Who it was that actually did the describing has always been a matter for debate. Although the Prince's name adorns the cover, his friend CB Fry is thought to have written much of the text. Either way, it could not have had two more illustrious authors beyond the Grand Old Man himself. On the bombshell pitches of Victorian England, both averaged more than 50 - high-class today, but back then the mark of genius.
The young Ranji, new to the game in his late teens, had a common fault: backing away from fast bowling. In the nets at Cambridge, under the eye of a first-class player called Daniel Hayward, Ranji practised with his right leg tied to the ground. From there he found he could move his left leg across and flick the fast leg-side ball behind him in unorthodox fashion and the leg glance emerged, or at least it was popularised. (Who can say, in such an uncatalogued world, who was the first to do anything?)
Technique was not born with the game. It has always been a fluid thing, although for the best part of a century, while orthodoxy thrived in an orthodox and ordered world, it appeared to be an outpost of the stiff upper lip, administered by the MCC Manual and passed down in tablets of stone from one generation to the next.
When I was a slip of a lad I spent every winter Saturday at Alf Gover's school on the East Hill in Wandsworth. Many great players walked in through that slender side door (and many more, like me, who were far from great did too), but everyone who went passed under Alf's stern yet benevolent eye, and all would hear his famous cry of "one to drive" as he lobbed down one of his round-arm deliveries.
It would be hard to imagine someone more traditional than Alf - I never saw him without a crisp white cravat around his neck, England sweater stretching almost to his knees over immaculate cream flannels - but as a coach he adapted his principles to the individual. I saw plenty of West Indian and South African players there, who, by the standards of the day, were wild and instinctive, and all were encouraged to hit the ball and express themselves. There was a famous story that Alf told Vivian Richards he wouldn't make it because he hit across the line of the ball, but I never believed that. He may have advised him not to do it on early-season English pitches, but Alf would have recognised genius when he saw it. Here he is on the young Brian Lara, writing in the Cricketer magazine: "He had plenty of natural ability and we concentrated on enlarging his range of stroke play."

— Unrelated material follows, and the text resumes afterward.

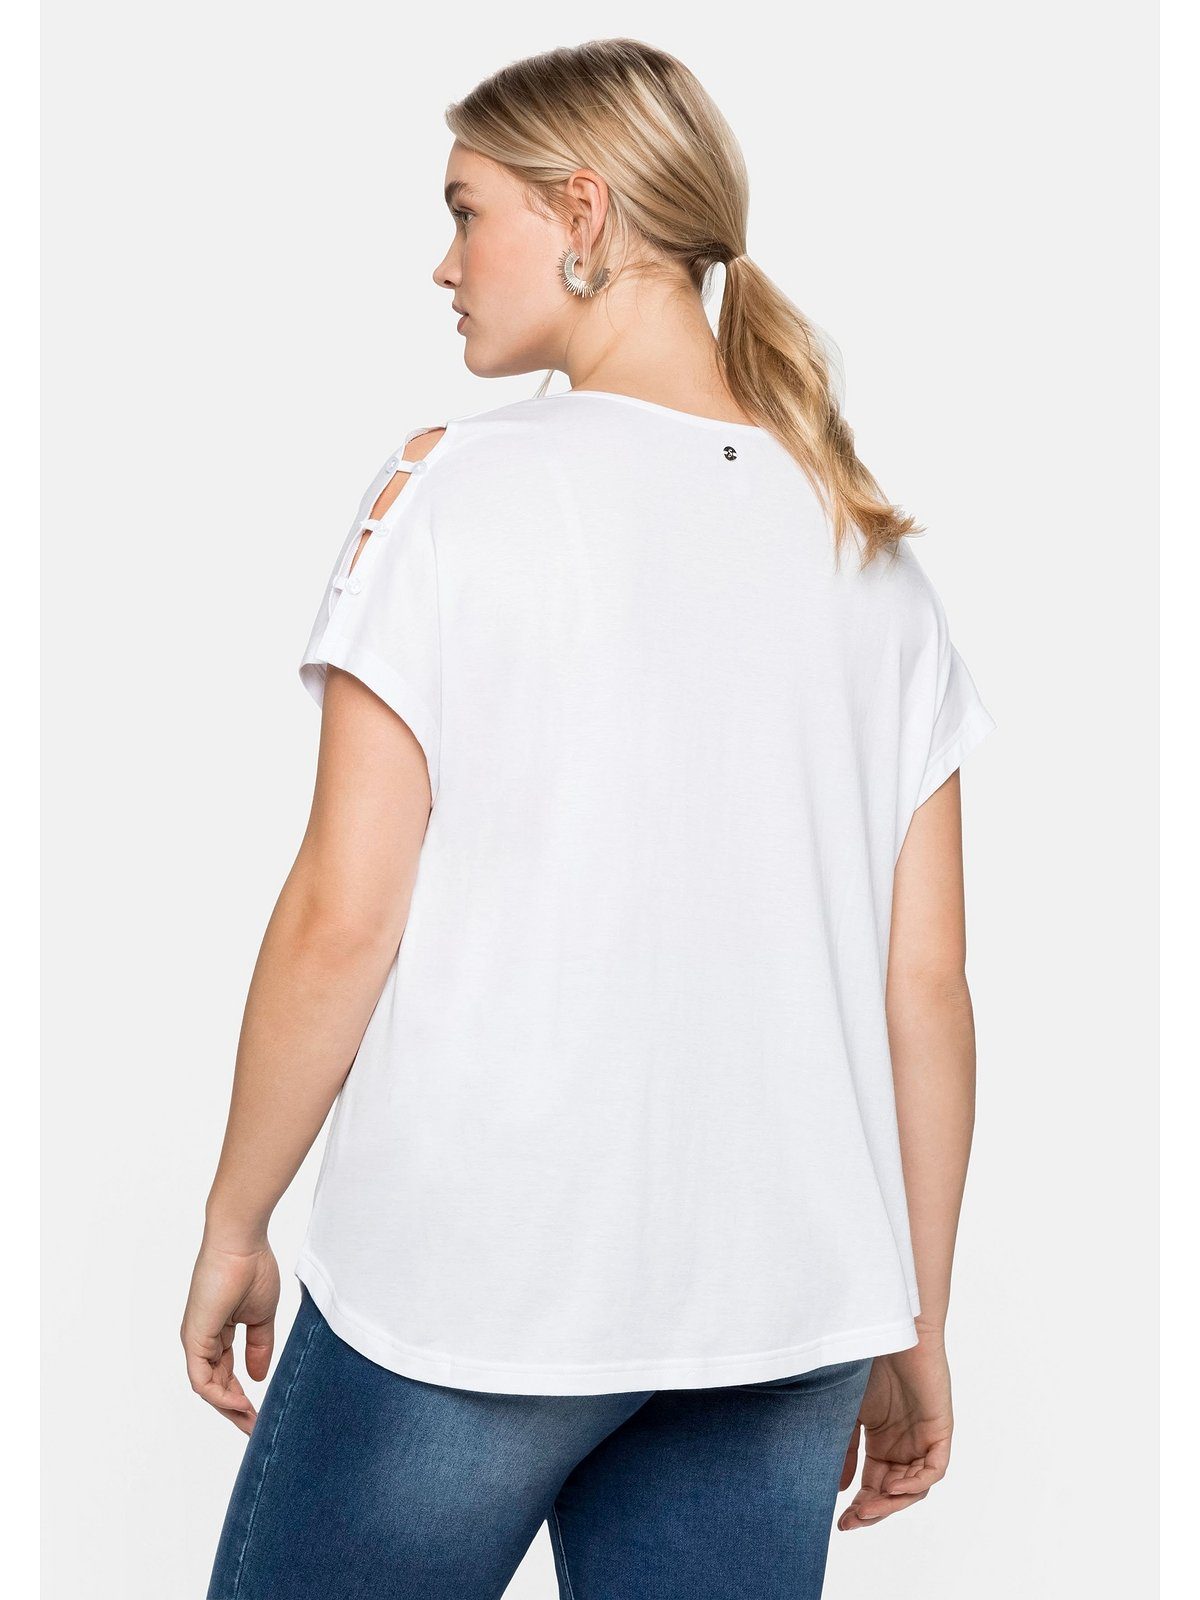 offener A-Linie T-Shirt in weiß Schulterpartie, Größen Große leichter mit Sheego

The great coaches understand the fluidity of technique, the role of imagination, the constant forward momentum of the game. Bob Woolmer's The Art and Science of Cricket, a book as meaningful in its way as Ranji's, incorporated a new level of research and sports science, a hint at an approaching future where some of cricket's great mysteries would be unravelled and studied. Yet even in his title he balanced it with the use of "art", because cricket is a game of artistry, a game that offers Graeme Smith and David Gower the same leeway in the methods of getting it done.
That's why it will be fascinating to see how Andy Flower envisions the future of coaching in his new role. To have responsibility for the development of coaches as well as players is truly to have his hands on the wheel. It's hard to think of anyone who has been handed such an all-encompassing brief in English cricket. Luck will play its role - Lara and Smith were born not made - but if there's a criticism of Flower's Loughborough empire, it's that the scientific revelations emerging from their studies are edging towards a homogenisation of technique, a regimentation governed by statistical analysis.
What would be fascinating, and revelatory, would be a book from Flower, a contribution to the literature of thinking about the game set down by Ranji (or CB) and Woolmer. It seems to go against Flower's somewhat opaque public image, but it could bring a new and welcome openness to English cricket's monolithic corporate face.